Rui Valério, que há um ano, na primeira homilia que proferiu como patriarca de Lisboa, se dirigiu diretamente às vítimas, disse que tem visto da parte da Igreja “uma disponibilidade em ir ao encontro” de quem estava a sofrer.
“Para isso, avançámos com a proposta da criação do grupo, depois de comissões, ou seja, fez-se aquilo que era o mais que podia ser feito”, afirmou o patriarca em entrevista à agência Lusa, reconhecendo que “o ritmo a que o processo está a desenvolver-se talvez não esteja a ser exatamente aquele que seria o ideal”.
As razões para isso encontra-as no “número de pessoas que estão envolvidas nesta dinâmica, neste processo, a escutar, a ouvir, a pronunciar-se”.
“Gostaria de dizer aqui uma máxima que muitas vezes é dita nas forças armadas: ‘Caminhar juntos. Pode-se não caminhar muito depressa, mas chega-se sempre mais longe do que quem caminha só’. E nós, aqui, estivemos juntos, verdadeiramente”, disse o prelado, rejeitando divisões entre os bispos quanto à questão dos abusos.

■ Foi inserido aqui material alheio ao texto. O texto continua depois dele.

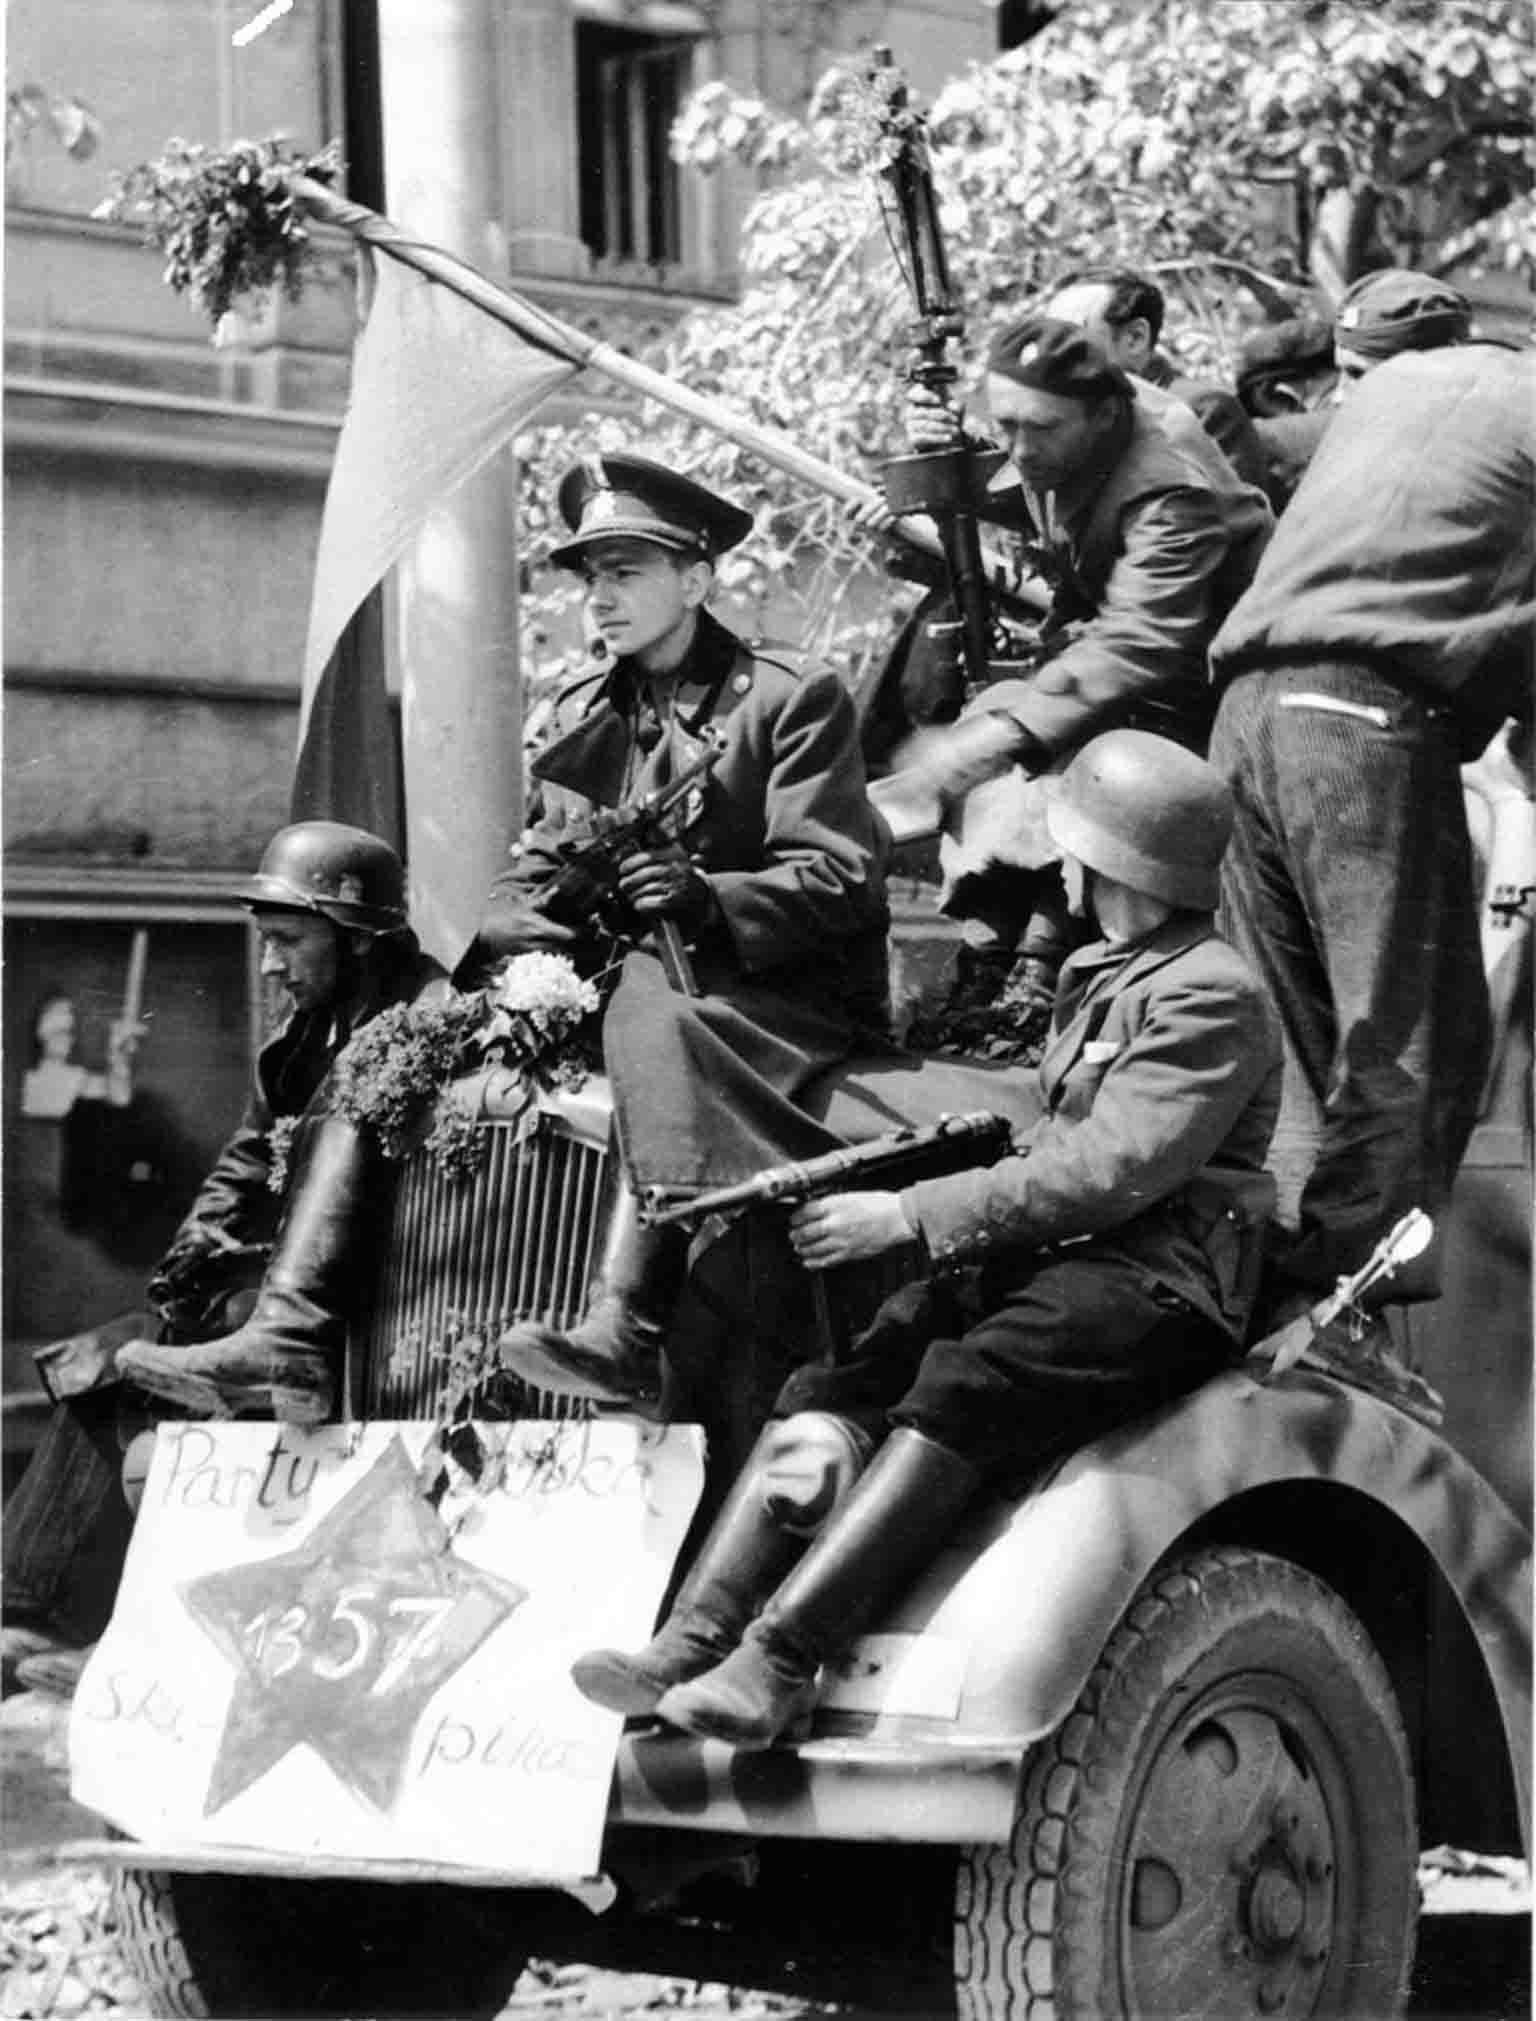 Czechoslovak resistance

Segundo Rui Valério, “nunca nenhum dos senhores bispos se pronunciou que não fosse movido pelo mais honrado dos propósitos”.
Sobre as polémicas que foram surgindo, quer quanto à necessidade de criação de uma comissão para estudar o fenómeno ou sobre as indemnizações, o patriarca mostrou-se convicto de que tudo se deveu a uma questão de forma e não de conteúdo das comunicações.

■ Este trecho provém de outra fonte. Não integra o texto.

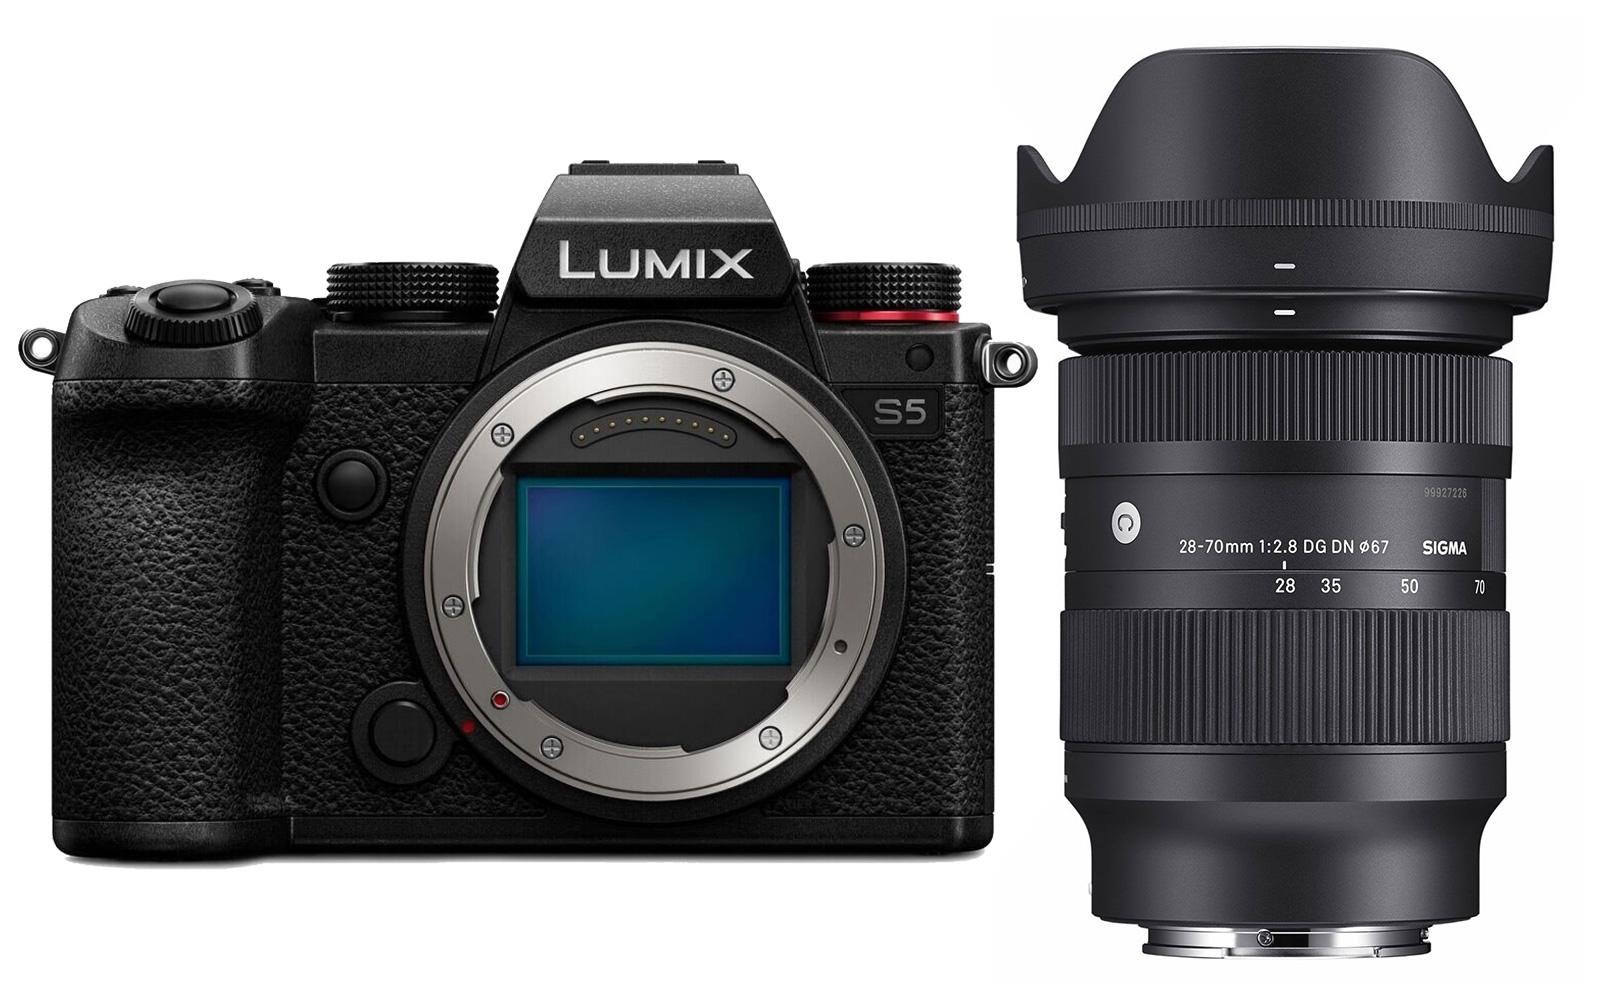 Panasonic LUMIX DC-S5 (DC-S5E-K) + Sigma C 28-70mm 2.8 DG DN für L-Mount

“Eu julgo que não foi tanto ao nível do conteúdo. O conteúdo está lá. Talvez, e gostaria muito de sublinhar o talvez, a maneira como nós por vezes nos expressamos, não seja a mais contundente, não seja a mais perfeita, mas aquilo que importa, aquilo que verdadeiramente conta, é a substância”, frisou.
Numa altura em que decorre o prazo para que cheguem ao Grupo VITA ou às Comissões Diocesanas de Proteção de Menores e Adultos Vulneráveis os pedidos de indemnização por parte de vítimas de abusos no seio da Igreja — o que pode acontecer até ao final do ano -, Rui Valério disse não ter ideia de quanto poderá custar à Igreja o processo indemnizatório.
“Essa é uma matéria que neste momento está a ser refletida e trabalhada”, afirmou, sublinhando que o importante é que tudo seja feito “para a reparação das pessoas no seu todo, da sua dignidade, da sua vida”.
Repetindo uma palavra de “solidariedade total e absoluta para com as vítimas” e suas famílias, o patriarca afirmou que a questão dos abusos é um tema que o “comove profundamente”, pois enquanto padre acompanhou duas situações de pessoas que foram vítimas de abusos por parte de familiares.
“Num caso um pai, num caso um tio. E, meu Deus, a vida dessas pessoas é uma não vida. (…) Este é um tema que me suscita uma dor, uma palavra de solidariedade, compaixão”, disse.
Quanto à sensibilização no seio da Igreja para que casos de abuso não se repitam, Rui Valério foi perentório: “É uma aberração e, por isso, a Igreja, provocada por esta circunstância, estabeleceu critérios de formação, de acompanhamento, para que isto nunca mais [aconteça]”.
O bispo sublinhou ainda que as medidas tomadas pelo Patriarcado de Lisboa são dirigidas, não apenas aos sacerdotes, “mas a todo aquele laicado que colabora diretamente com crianças, com pessoas nos seus diversos estatutos, desde a catequese aos escuteiros, a centros sociais e a outros”.
“Tudo foi e está a ser feito para que haja aqui uma consciencialização, uma formação para que nós compreendamos que o abuso é um pecado hediondo que não é compreensível e não é aceitável”, concluiu.
A Conferência Episcopal Portuguesa (CEP) aprovou em abril a criação de um fundo, “com contributo solidário de todas as dioceses”, para compensar financeiramente as vítimas de abuso sexual no seio da Igreja Católica em Portugal.
Os pedidos de compensação financeira deverão ser apresentados ao Grupo VITA ou às Comissões Diocesanas de Proteção de Menores e Adultos Vulneráveis entre junho e dezembro de 2024.
Posteriormente, uma comissão de avaliação determinará os montantes das compensações a atribuir.
O Grupo VITA foi criado pela CEP em 2023, na sequência do trabalho da Comissão Independente para o Estudo dos Abusos Sexuais de Crianças na Igreja Católica – que ao longo de quase um ano validou 512 testemunhos de casos ocorridos entre 1950 e 2022, apontando, por extrapolação, para um número mínimo de 4.815 vítimas.